6th Jul, 2022

Homeless man with asperger's had life turned around by Coventry theatre company

Felix Nobes 25th Mar, 2018

A YOUNG homeless man with Asperger’s has had his life turned around thanks to a Coventry theatre company.

Lewis Ford is a member of Ego Performance Company and has seen his confidence and acting skills develop after joining its ‘Bold As Bard’ Shakespeare theatre workshop, created for young people with disabilities.

The 22-year-old was introduced to Ego by the homeless charity Crisis after receiving support from the organisation.

He previously found it difficult speaking to those he didn’t know, but is now playing Hamlet in the performance company’s production of Two Weddings and a Funeral.

Lewis also won a place on the BBC Class Act course, a television course for disabled actors.

He is one of just 30 people selected to take part from 400 applicants and the Royal Shakespeare Company (RSC) has requested to see tapes of him performing.

Lewis said: “I’ve been a frustrated actor since before I started performing, because in school it was always the same popular people who would get the parts in the plays.

“When I was homeless I became very isolated – a year ago I wouldn’t have been able to talk to anyone I didn’t know, but drama helps you build your confidence and joining Bold As Bard gave me something to look forward to.

“The members of Ego and Bold As Bard are people of all ages and backgrounds and I love being a member.

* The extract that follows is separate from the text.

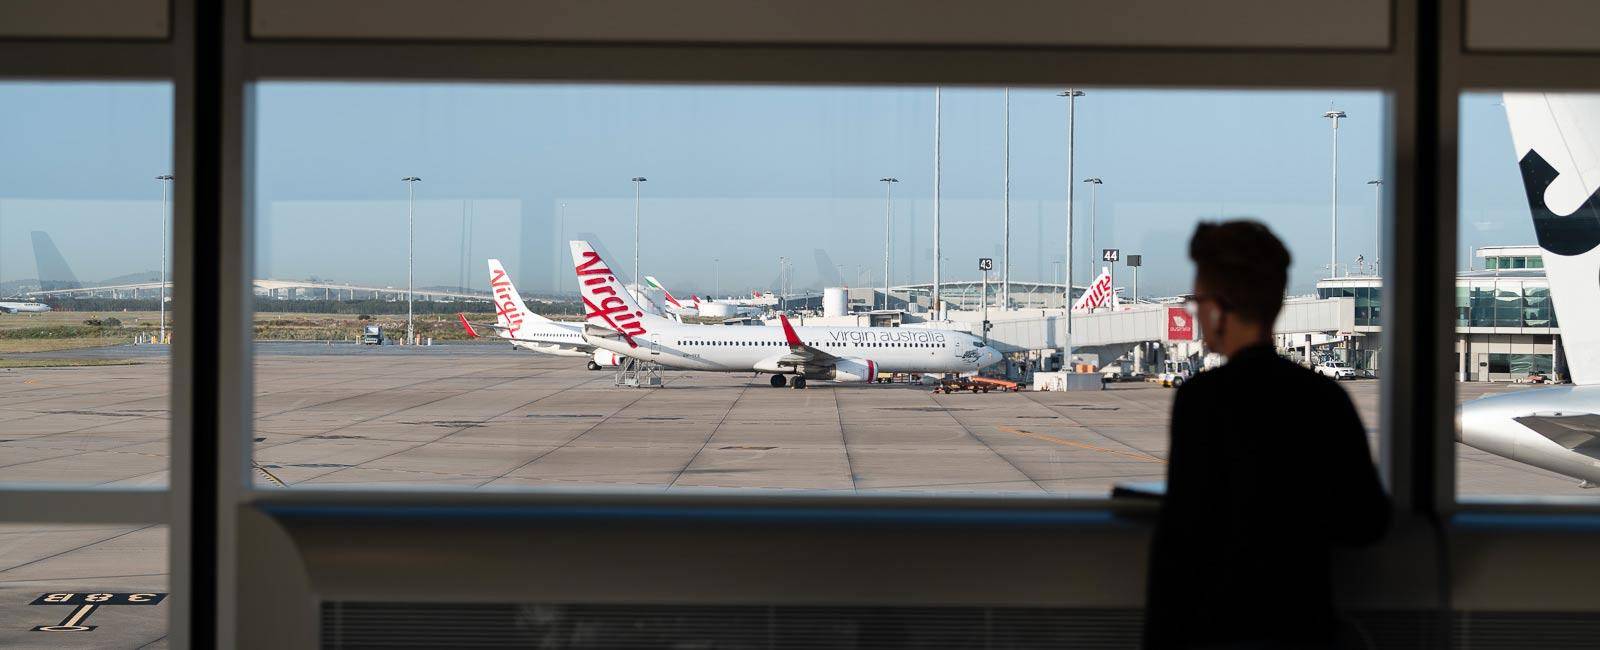 Domestic Terminal looking out at aircraft

“I’d never acted Shakespeare before but always thought the language was amazing.

“Bold As Bard has also opened a number of doors for me, including the BBC Class Act course.

“It was very intensive but a tremendous experience which I learnt so much from and still keep in touch with some of those who took part.”

Bold As Bard was launched last year and was made possible thanks to a £75,000 grant from Heart of England Community Foundation, a specialist grant-giving organisation in Coventry which awards funding to community projects across the region.

The funding is being delivered over three years through the Foundation’s Jumping Through Hoops fund, which supports young people’s groups in the city.

Lewis is now working with Crisis to form his own charitable theatre group, Underground Lights, which will cater for vulnerable adults.